Listed records
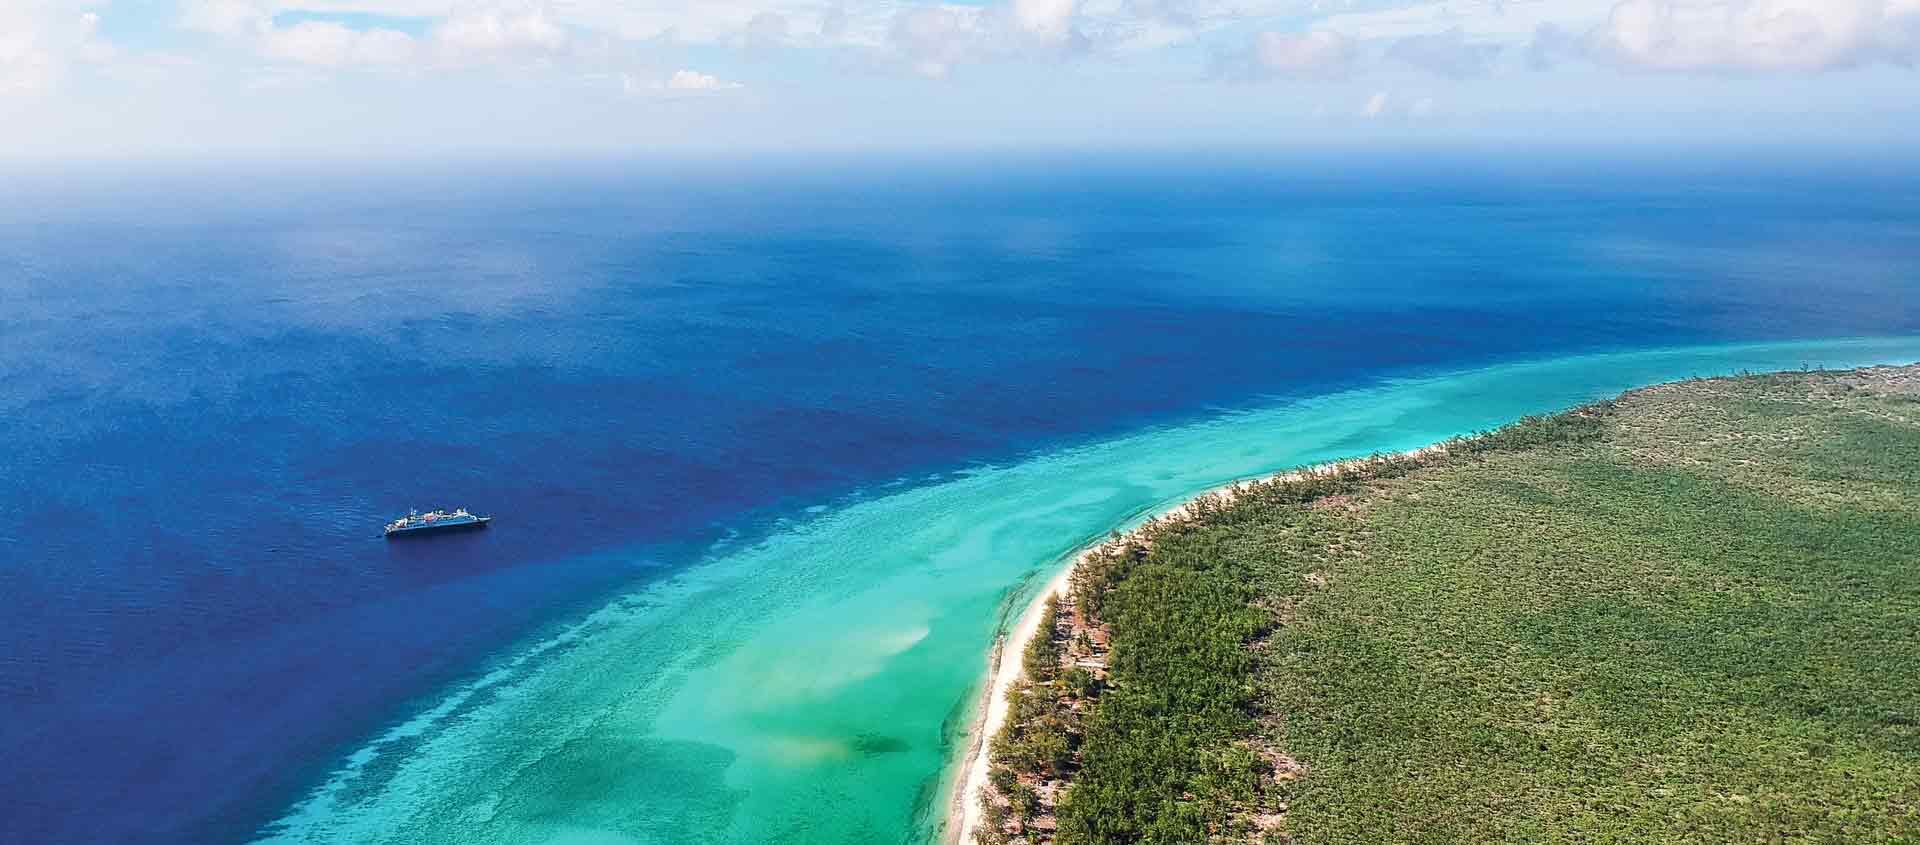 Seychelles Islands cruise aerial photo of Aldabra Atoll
---
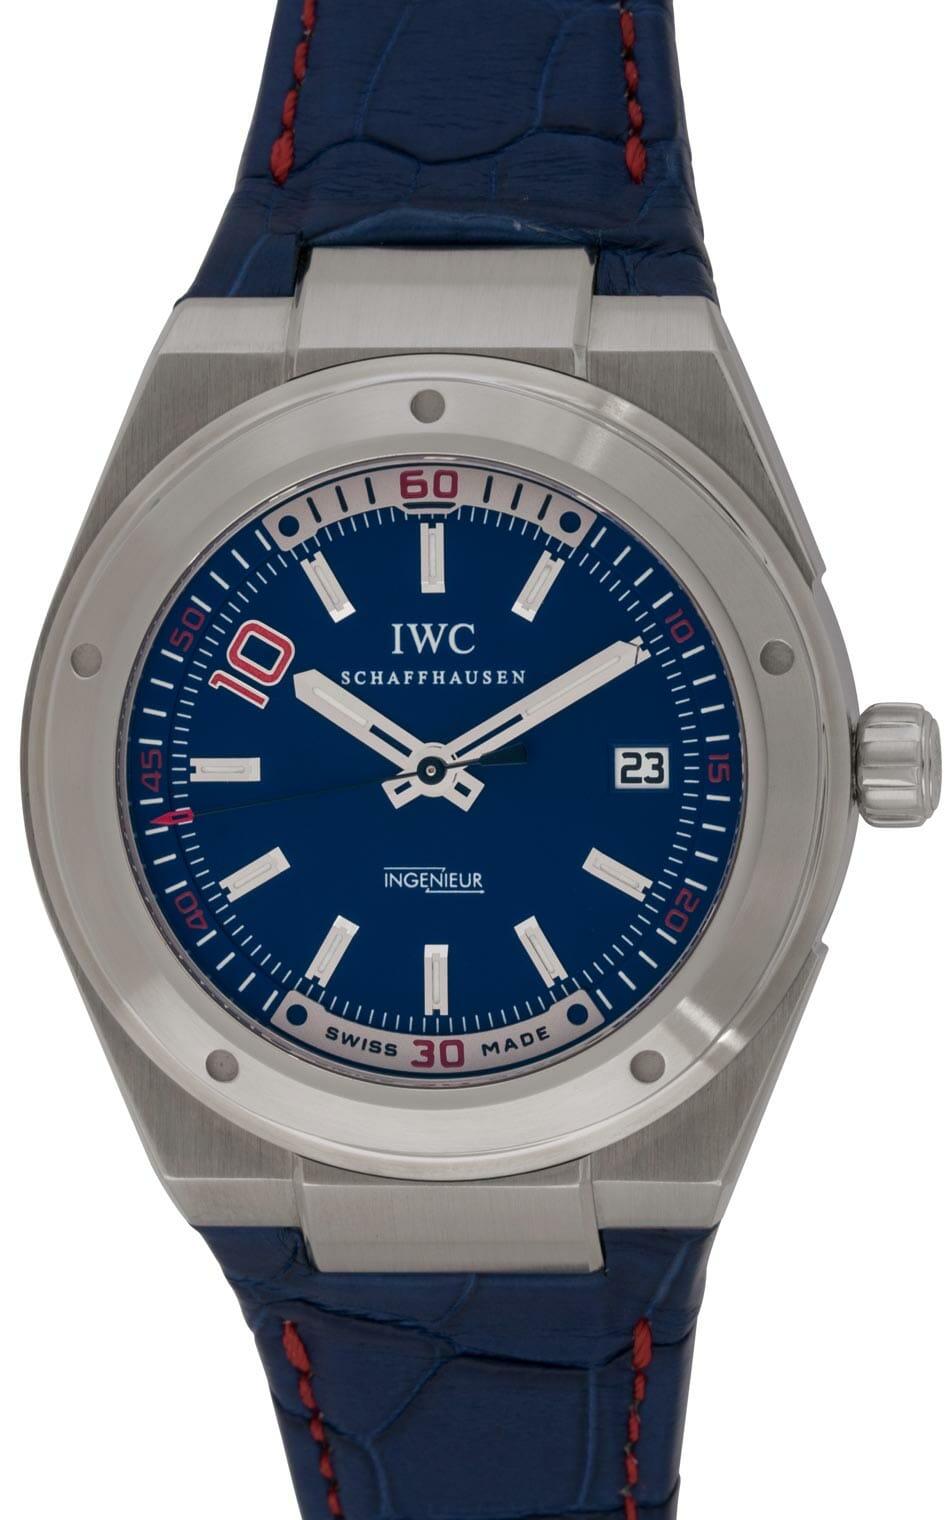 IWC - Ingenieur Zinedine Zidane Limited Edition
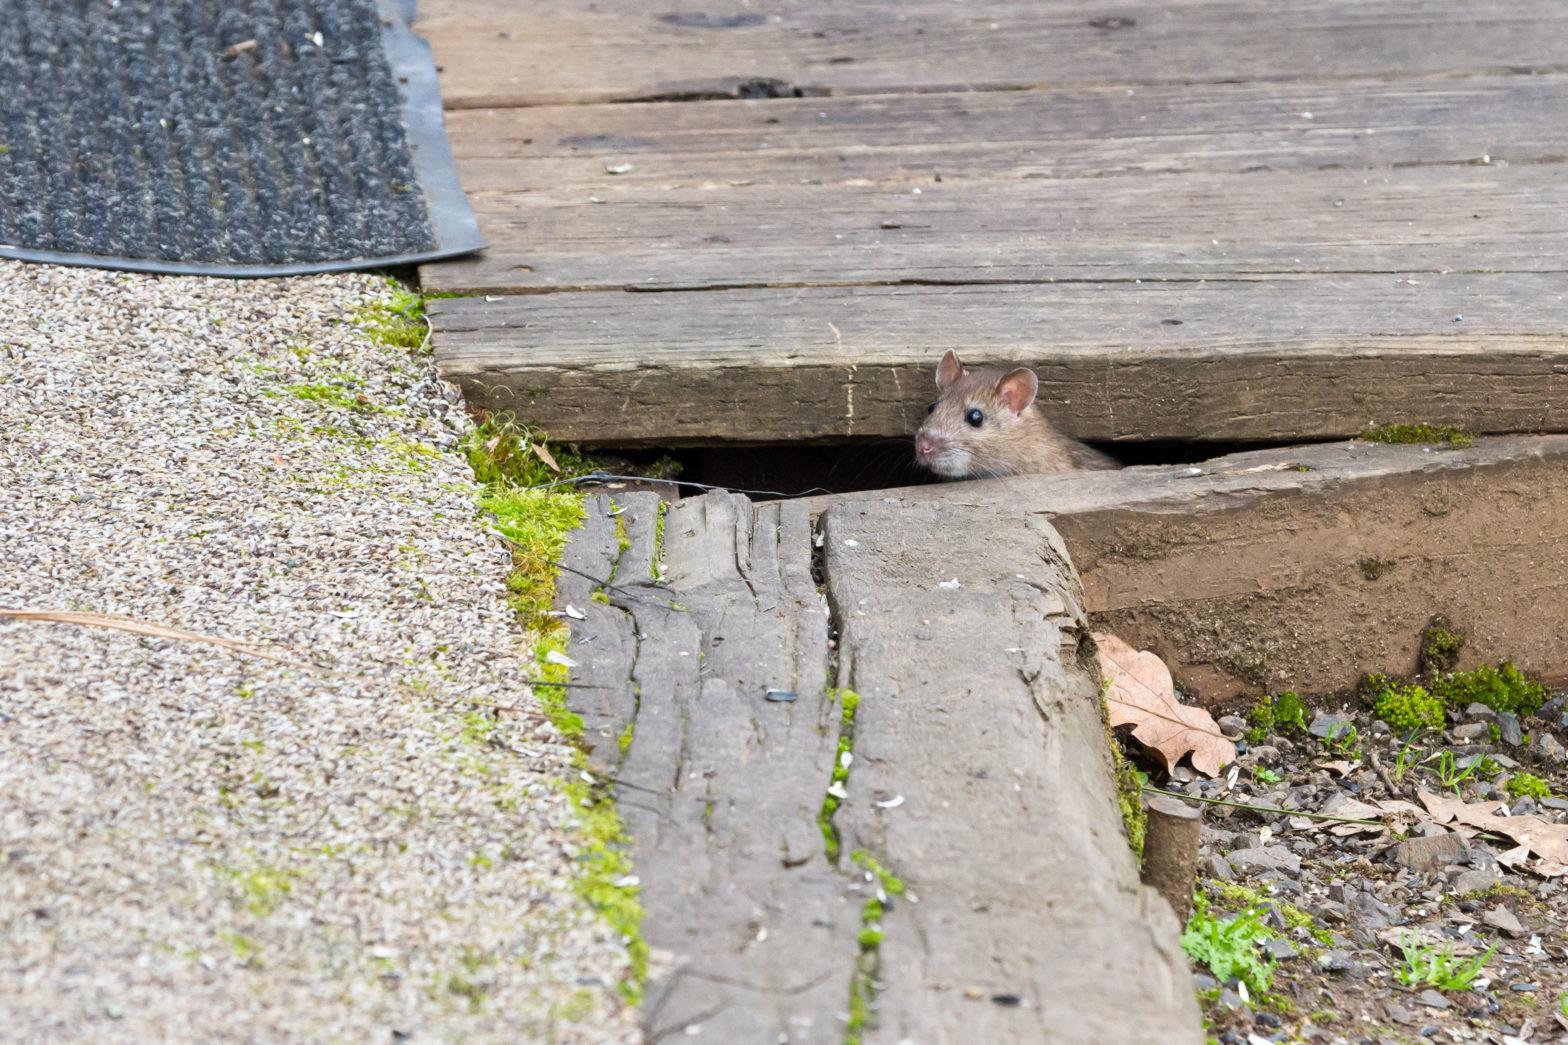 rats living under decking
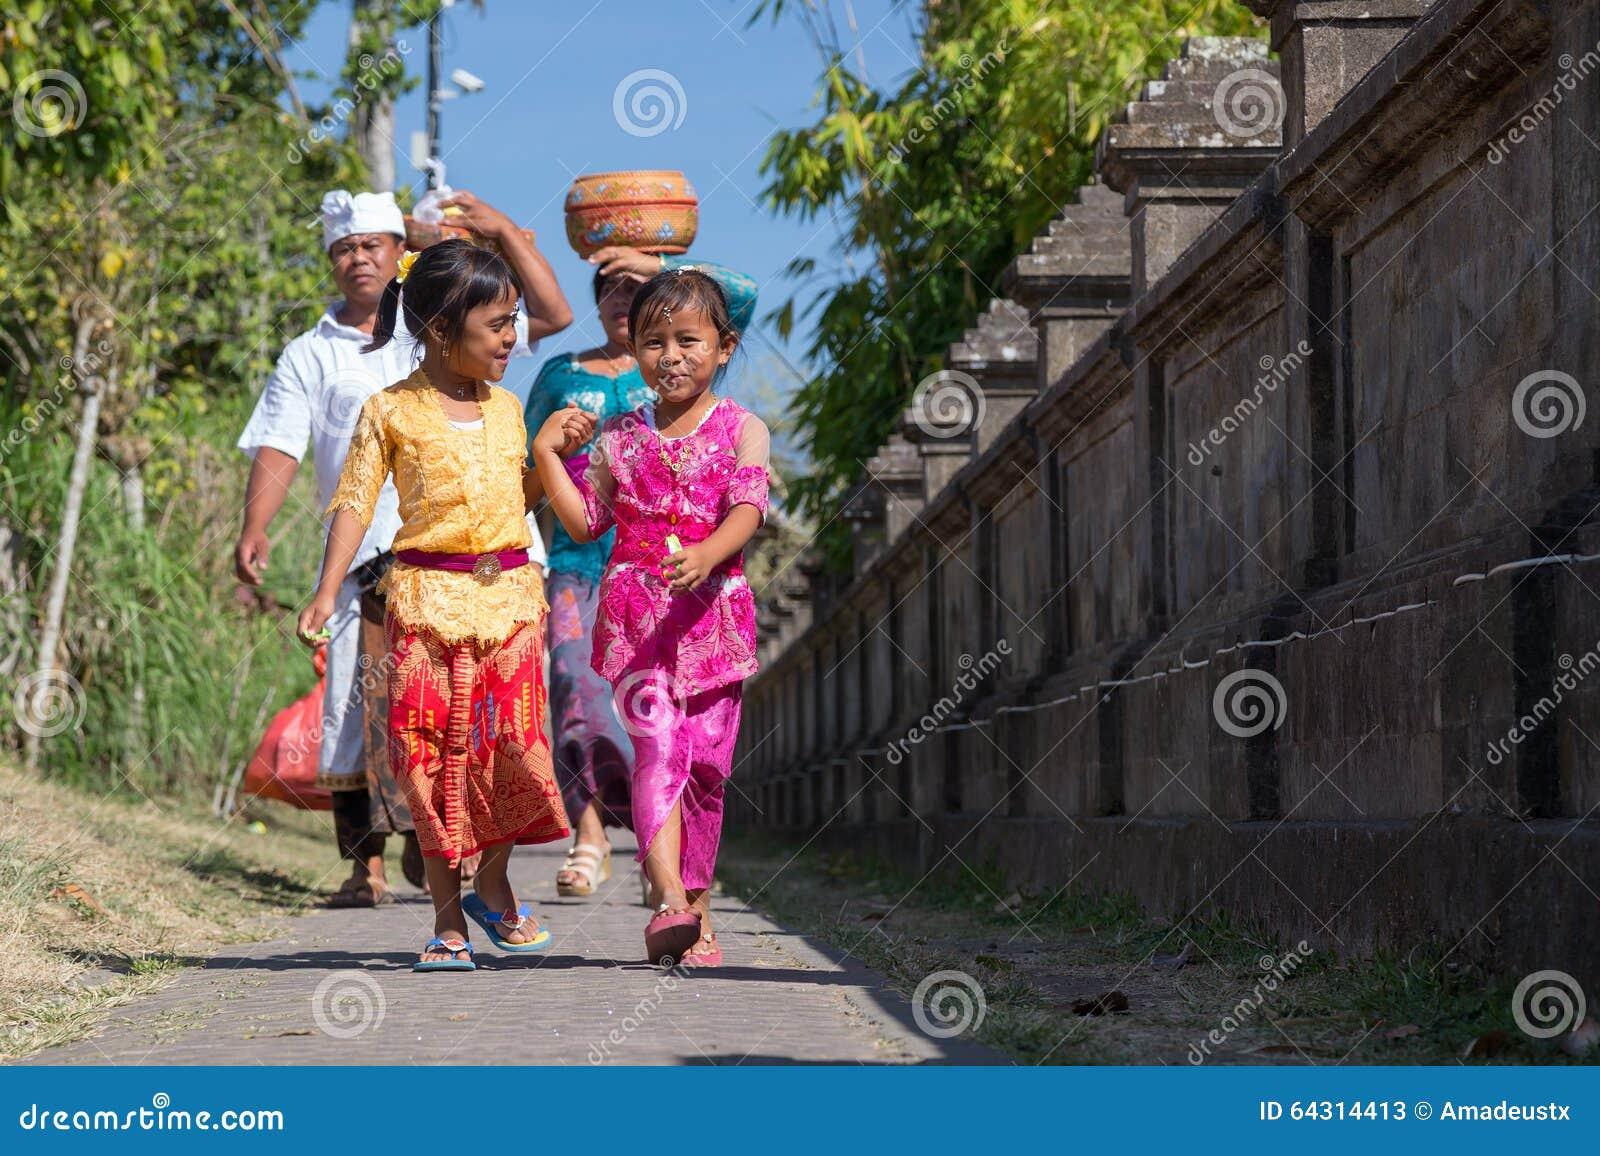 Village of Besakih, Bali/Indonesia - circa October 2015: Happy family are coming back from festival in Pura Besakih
---
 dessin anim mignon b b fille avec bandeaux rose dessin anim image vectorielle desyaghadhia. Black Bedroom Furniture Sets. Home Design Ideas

Activity
Using the records above, return verbatim only the part that opens with the line containing "rats living under decking" and closes with the line containing "Village of Besakih, Bali/Indonesia"; pictures stay out.

Solution
 rats living under decking
 Village of Besakih, Bali/Indonesia - circa October 2015: Happy family are coming back from festival in Pura Besakih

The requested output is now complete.